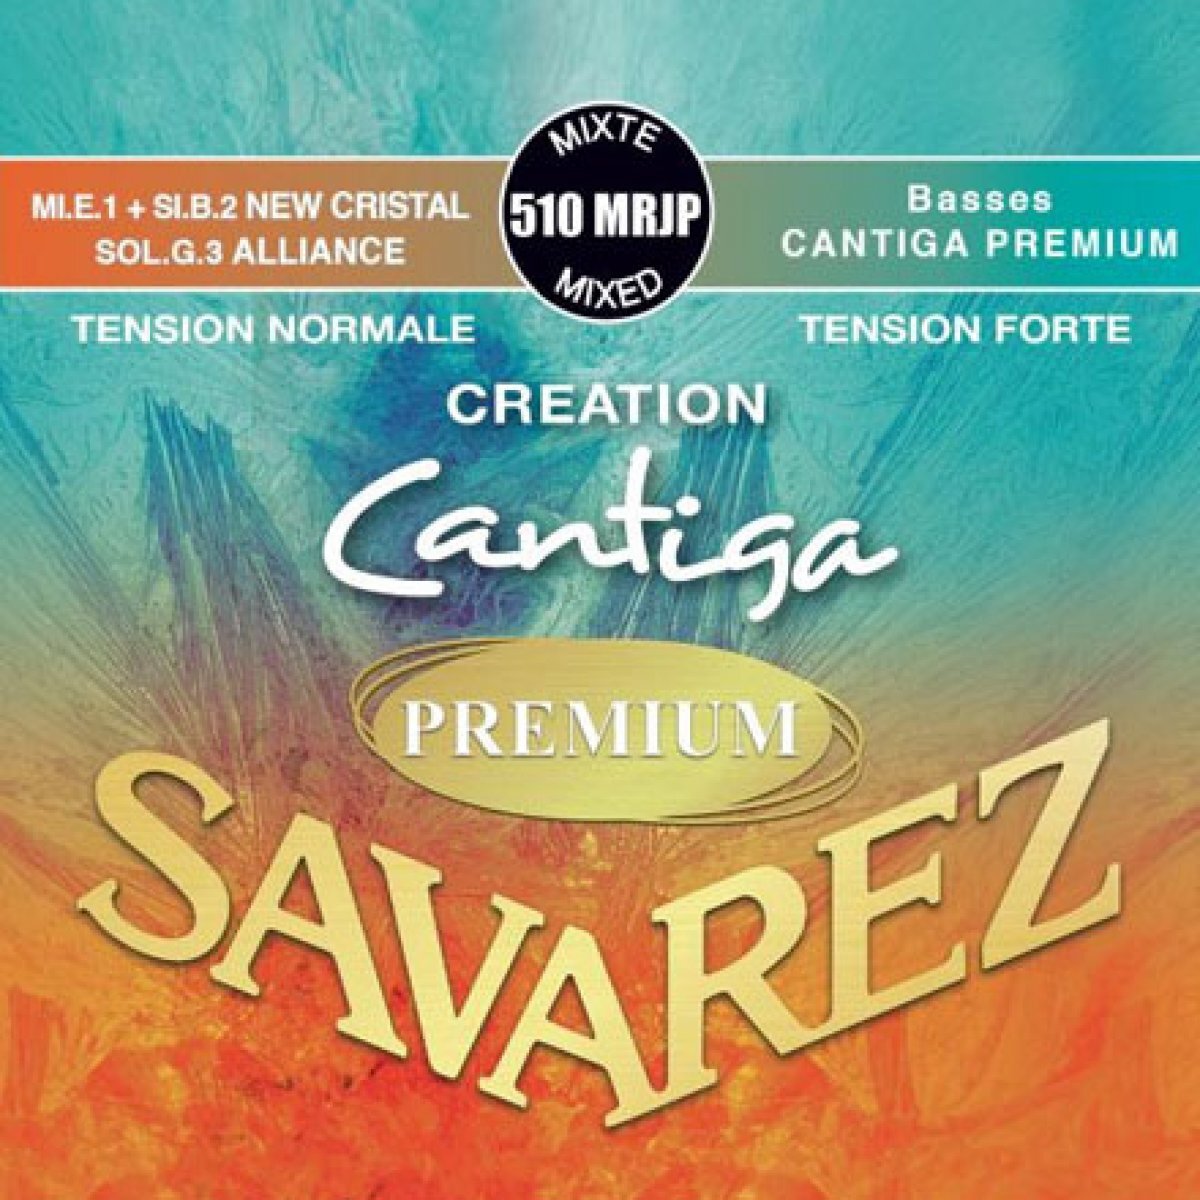 Savarez струны для классической гитары. Creation Cantiga Premium струны для классических гитар Savarez 510 Mrp. Струны Саварез премиум для классической гитары. Струны для классической гитары Savarez 510. Savarez Cantiga.
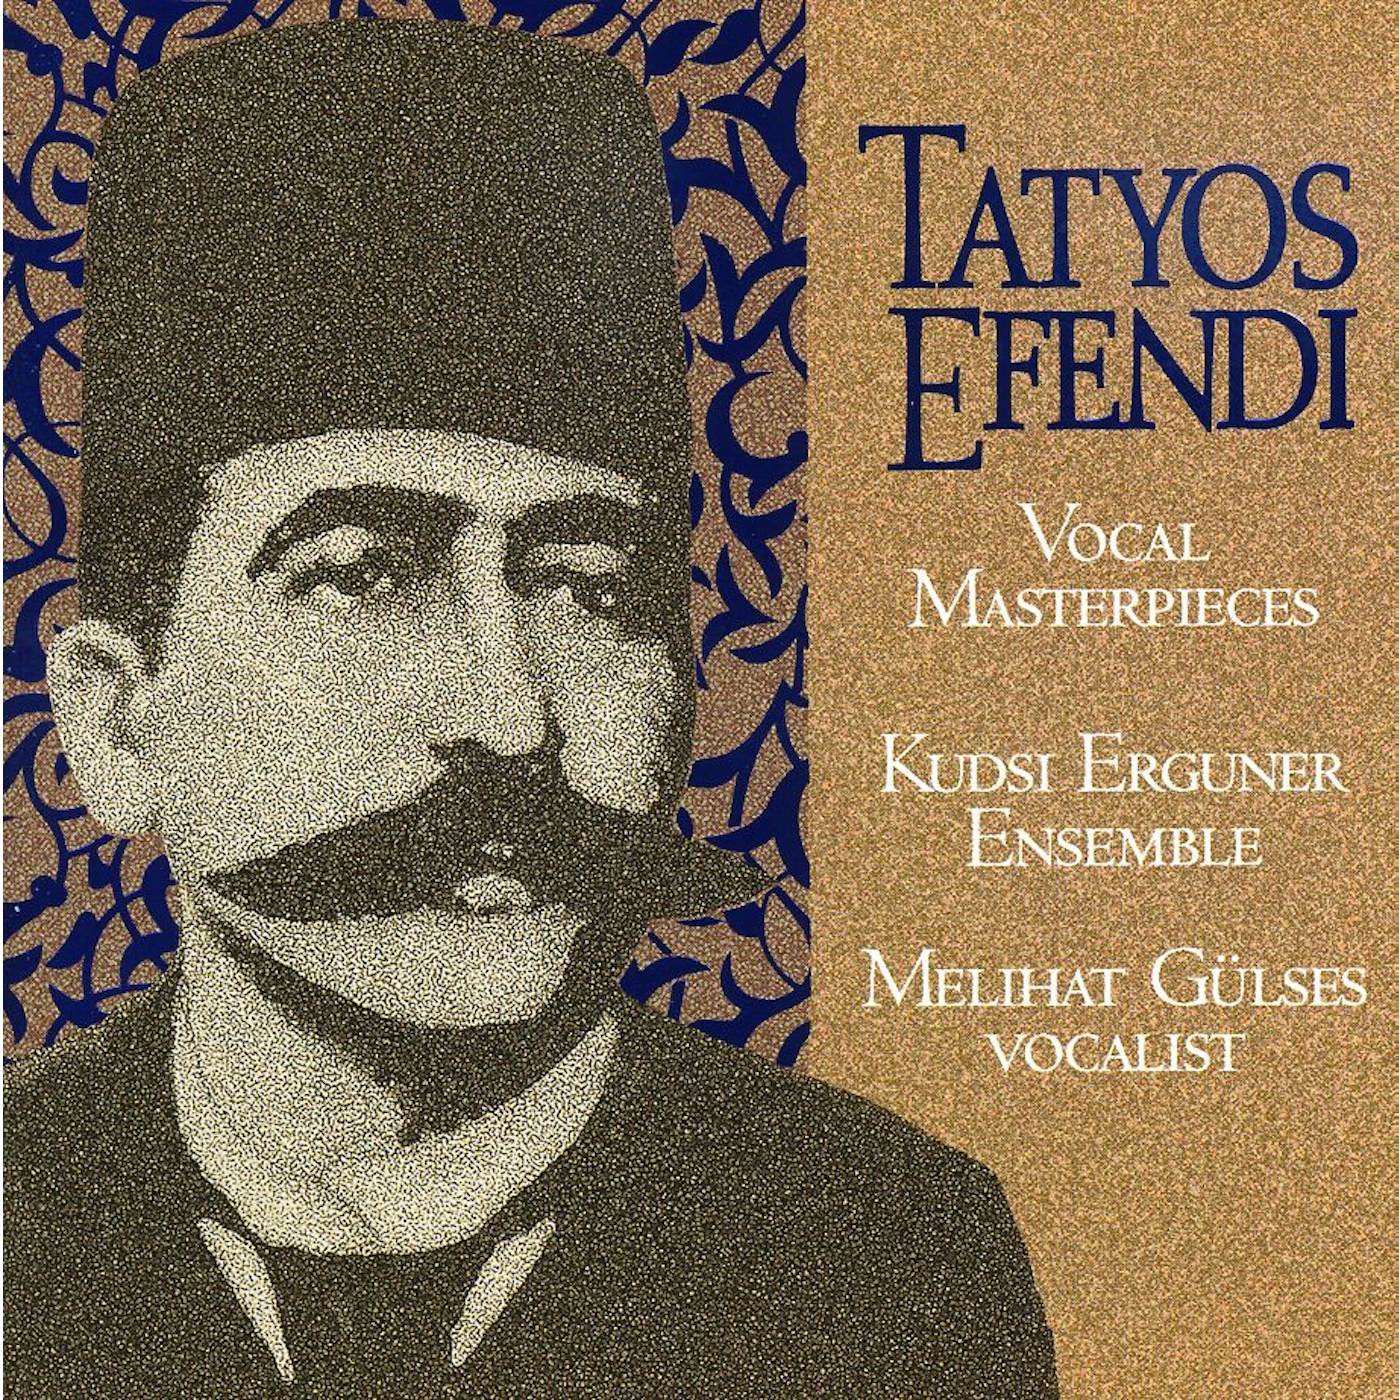 Kudsi Erguner VOCAL MASTERPIECES OF KEMANI TATYOS EFENDI CD
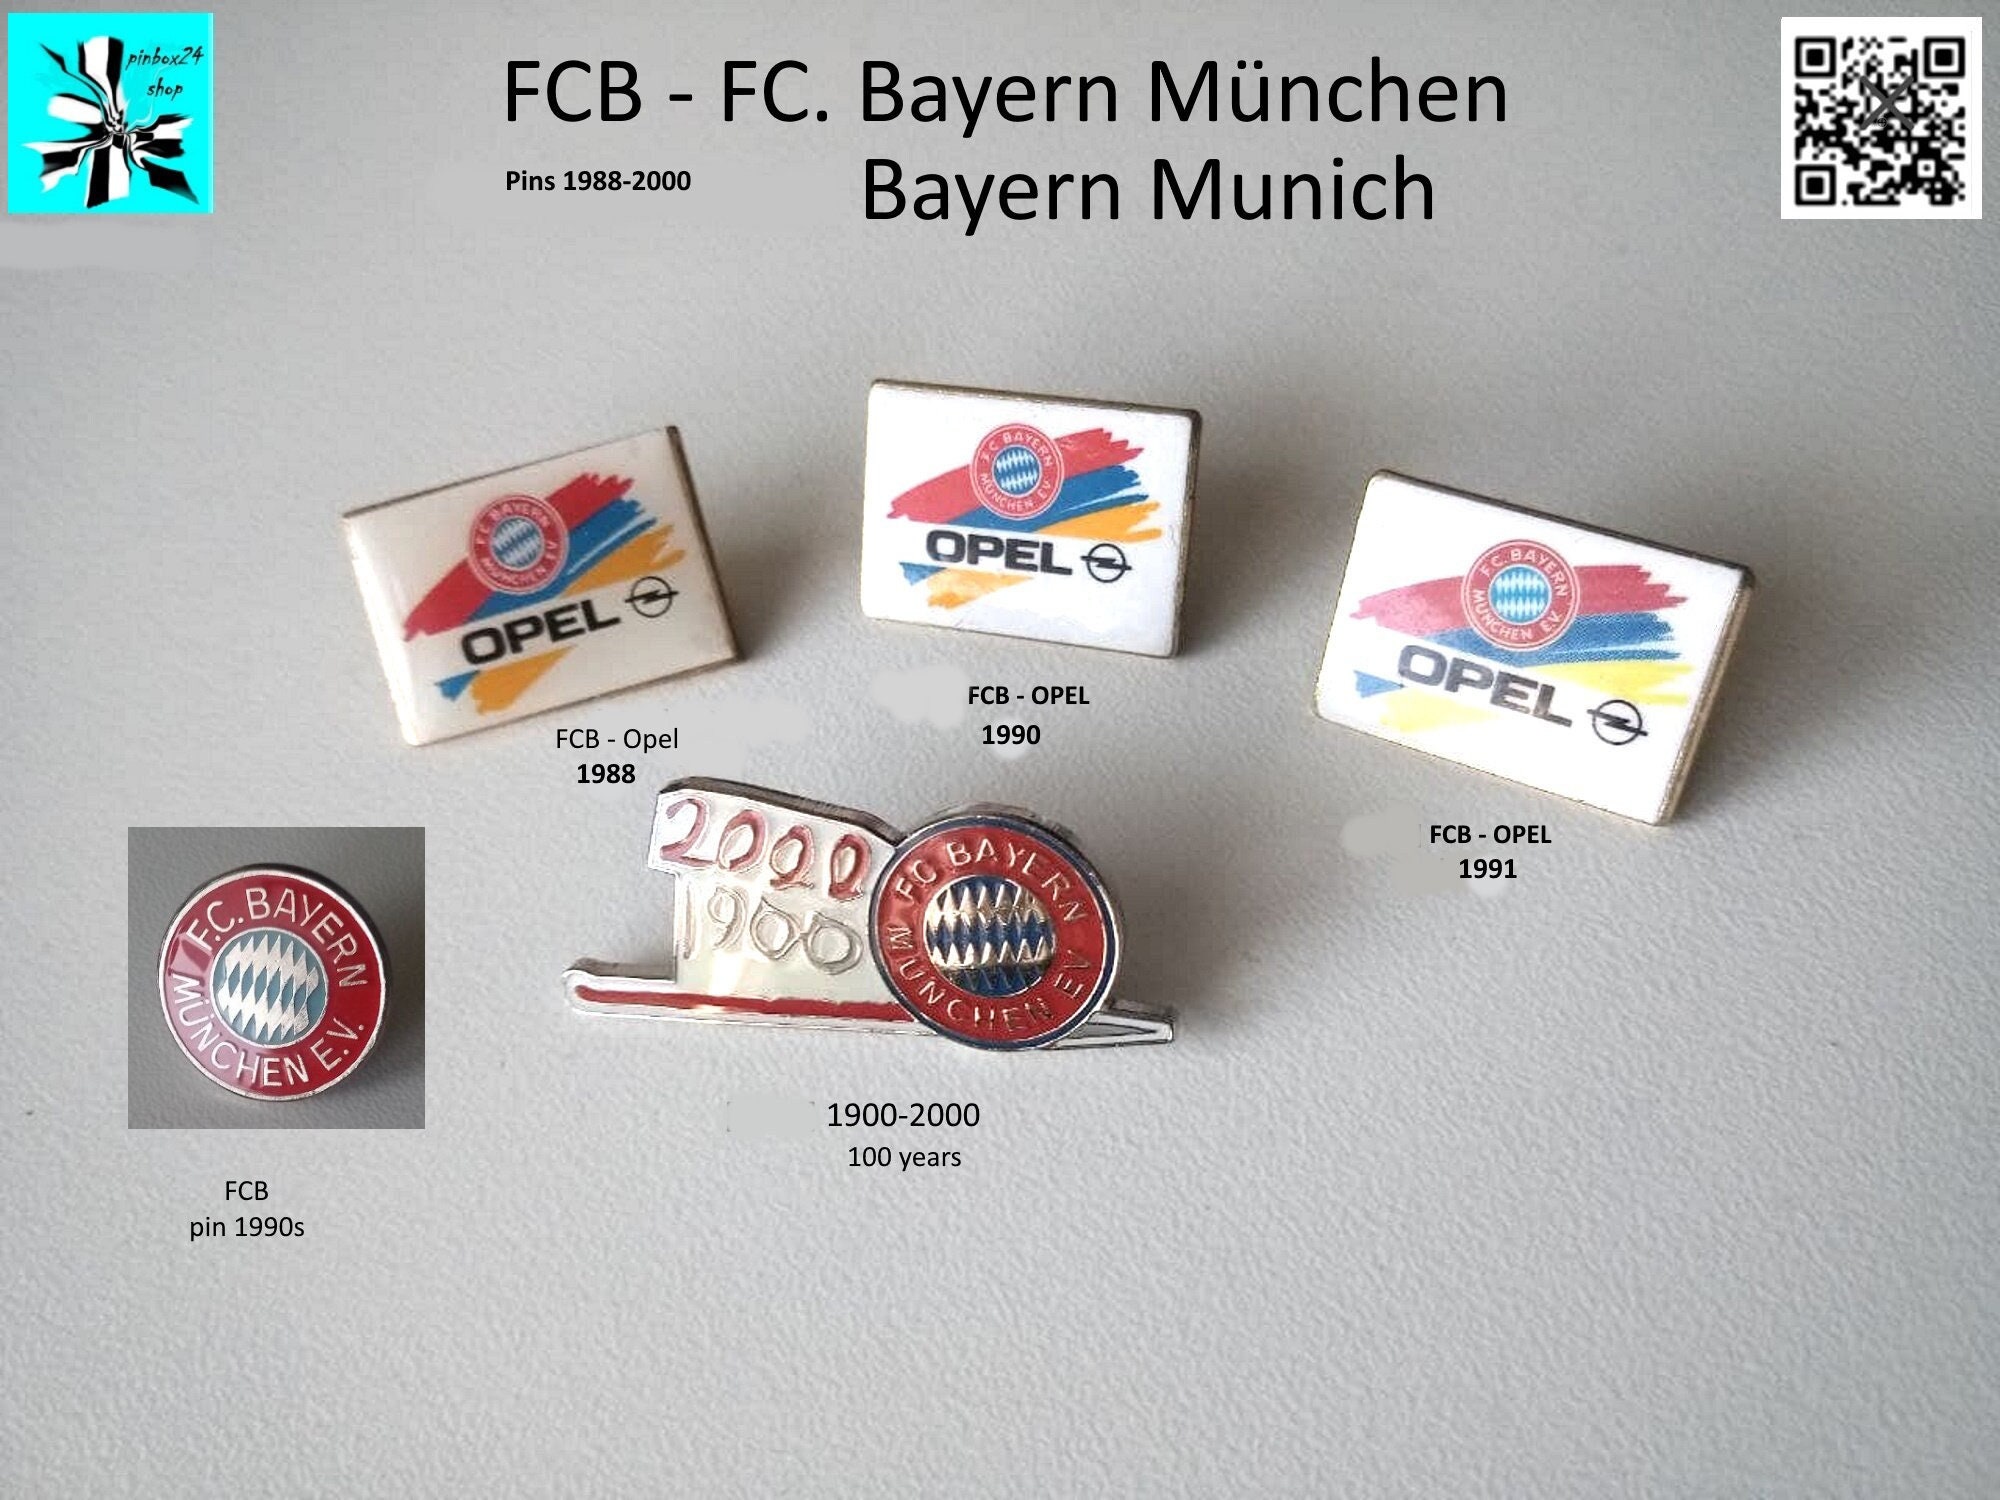 FCB FC Bayern Munich FCB Opel Sponsor Pins 1988-2000 - Etsy
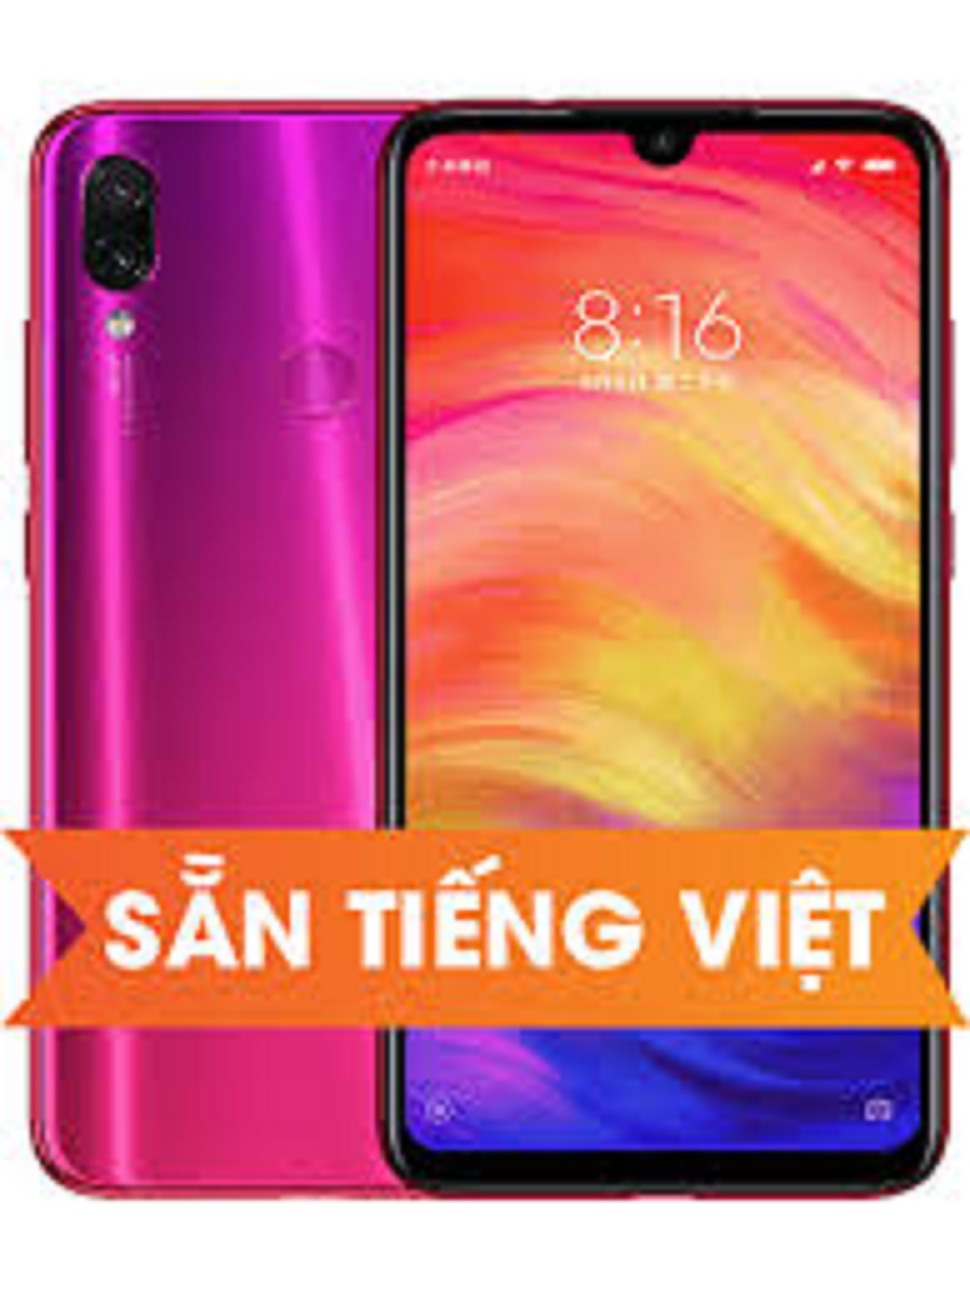 [ GIẢM GIÁ SIÊU SỐC ] điện thoại Xiaomi Redmi Note 7 2sim (4GB/64GB) mới CHÍNH HÃNG, sẵn Tiếng Việt, SIÊU Camera 48Mp

Task statement - Only an exact copy of the lines from the one with "FCB FC Bayern" through the last line of the listing should be given; pictures must not be included.

Solution for this problem -
 FCB FC Bayern Munich FCB Opel Sponsor Pins 1988-2000 - Etsy
 [ GIẢM GIÁ SIÊU SỐC ] điện thoại Xiaomi Redmi Note 7 2sim (4GB/64GB) mới CHÍNH HÃNG, sẵn Tiếng Việt, SIÊU Camera 48Mp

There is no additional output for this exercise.